The Dream (Mantis Religiosa) (M.C. Escher, 1935, wood engraving)

The first print is a wood engraving entitled The Dream (Mantis Religiosa) shows a fallen bishop stretched on a catafalque as a huge otherworldly praying mantis stands on his chest (the whole work is a sort of pun on the mantis’ taxonomical name Mantis religiosa “the religious mantis”.  The buildings arround the bishop and the bug are dissipating to reveal the wonders of the night sky. The bishop’s world of religious mysteries and social control are vanishing in the face of his death.  Greater mysteries are coming to life and beckoning the anxious viewer.

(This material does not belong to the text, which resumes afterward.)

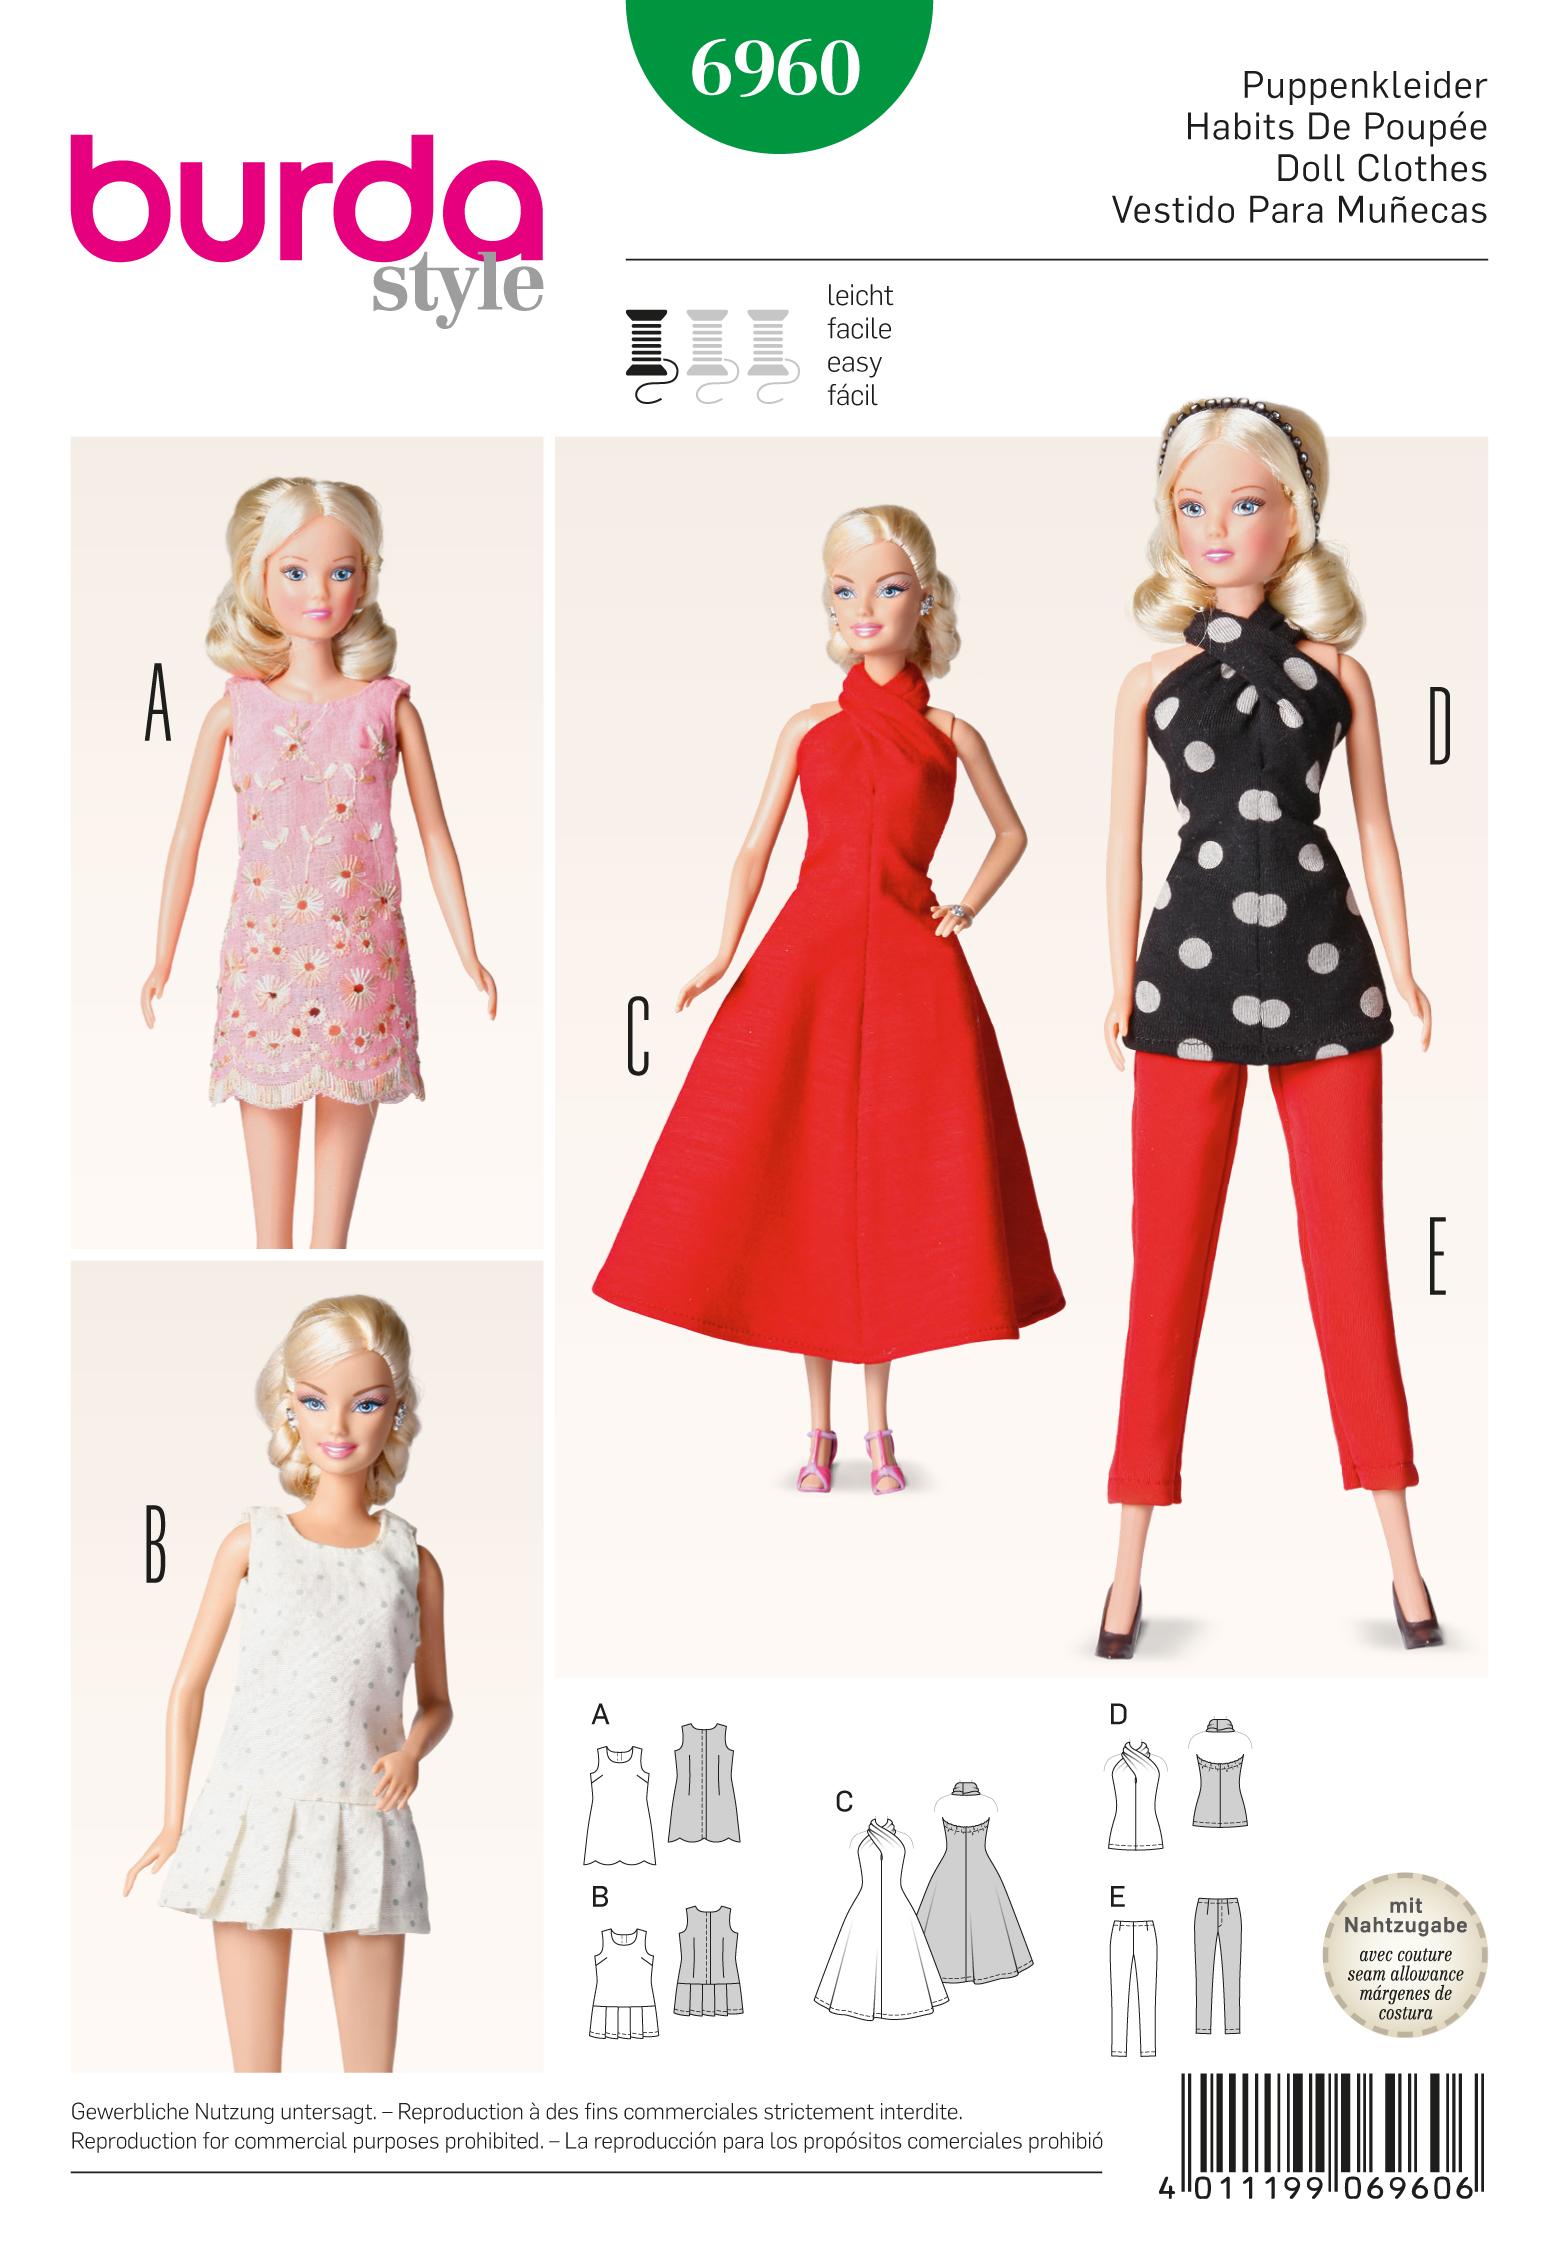 Burda 6960 doll clothes accessoires for Accessoires maison barbie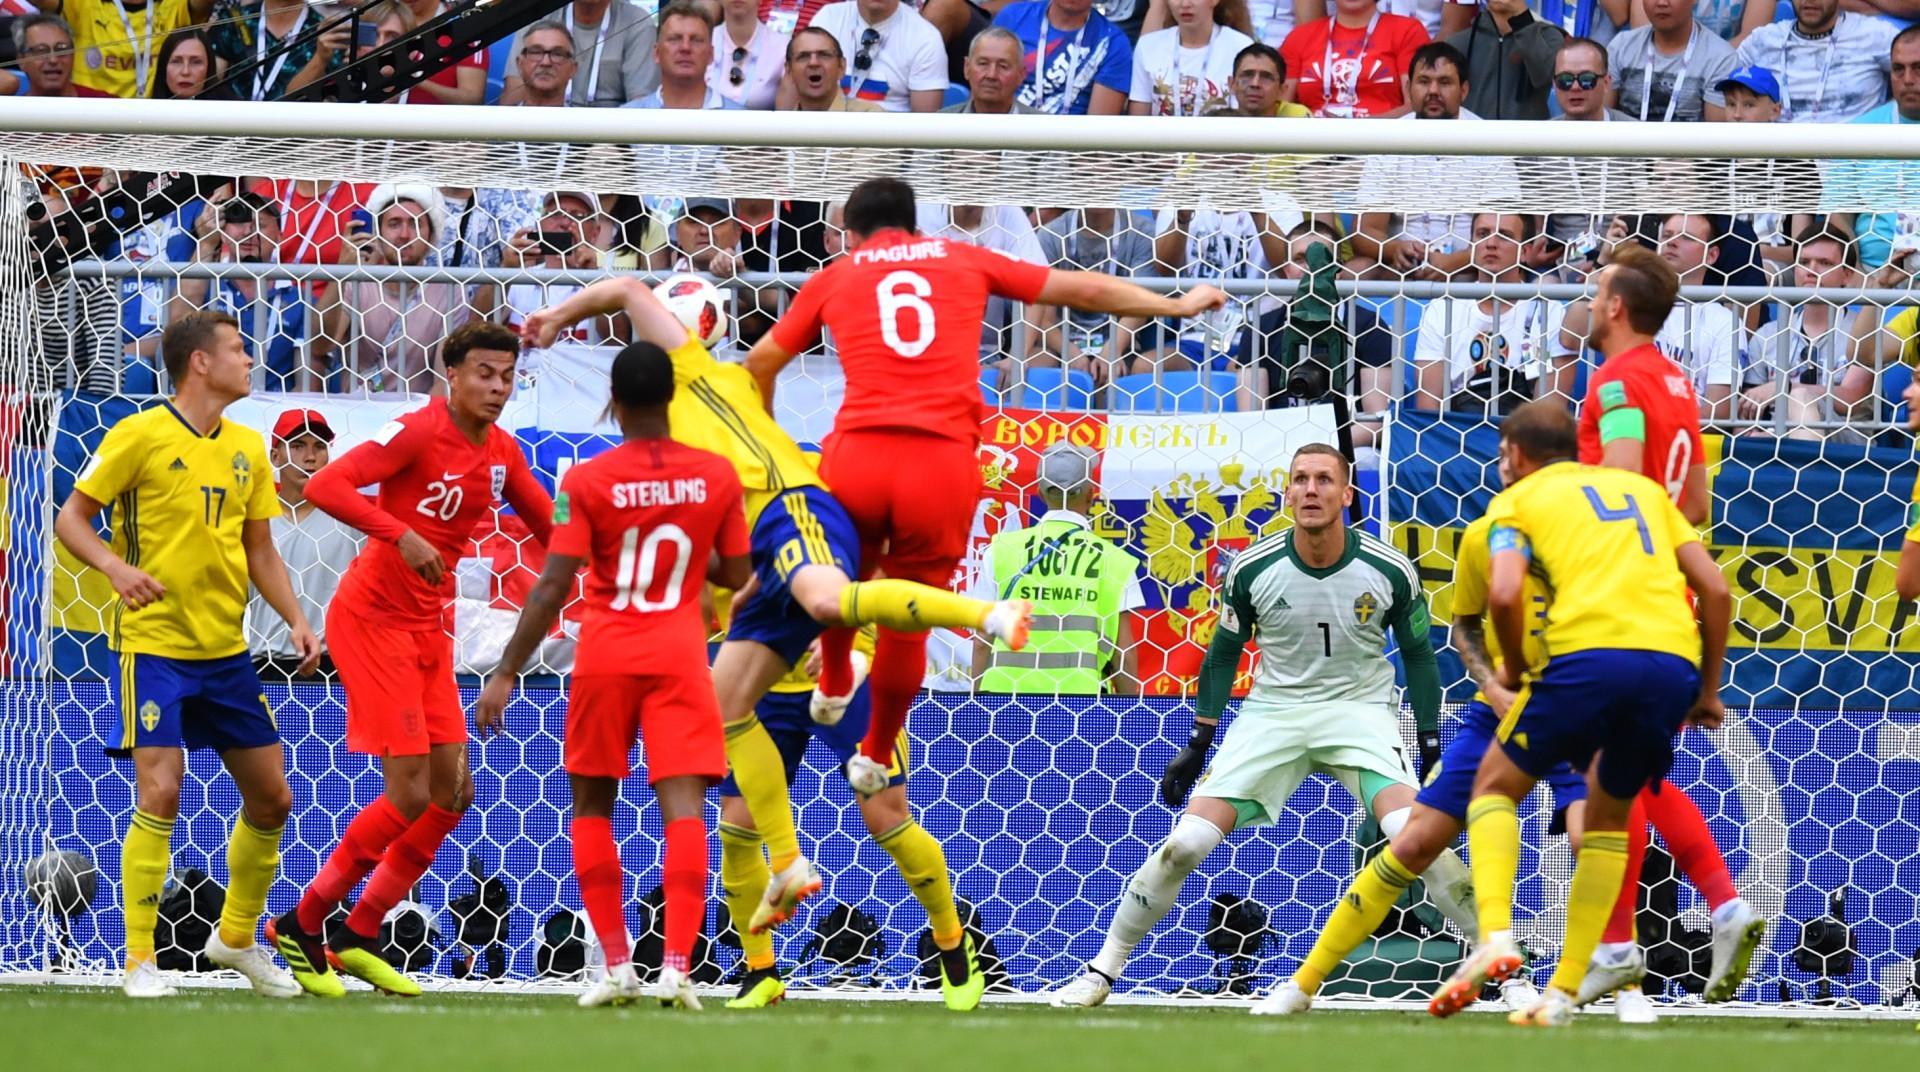 'Bang'! Cabeçada triunfal de Maguire fez 'explodir' o marcador na Rússia

Another World (M. C. Escher, 1947, colored woodcut)

The colored woodcut “Other World” shows a simurgh standing above, below and in front of the viewer in a spatially impossible gazebo on an alien world.  The simurgh is a mythical animal from ancient Persian literature and art which combines human and avian elements.  Sufi mystics sometimes utilize the simurgh as a metaphor for the unknowable nature of divinity.  Yet here the simurgh is dwarfed by the craters beneath him and by the planetary rings filling up the sky above.  A strange horn hangs above, below, and to the side of the viewer.  Perhaps it is a shofar from ancient Judea or a cornucopia from the great goat Amalthea.  Whatever the case, the viewer has become unfixed in mathematical space and is simultaneously looking at the world from many different vantage points.  A galaxy hangs in the sky above as a reminder of the viewer’s insignificance.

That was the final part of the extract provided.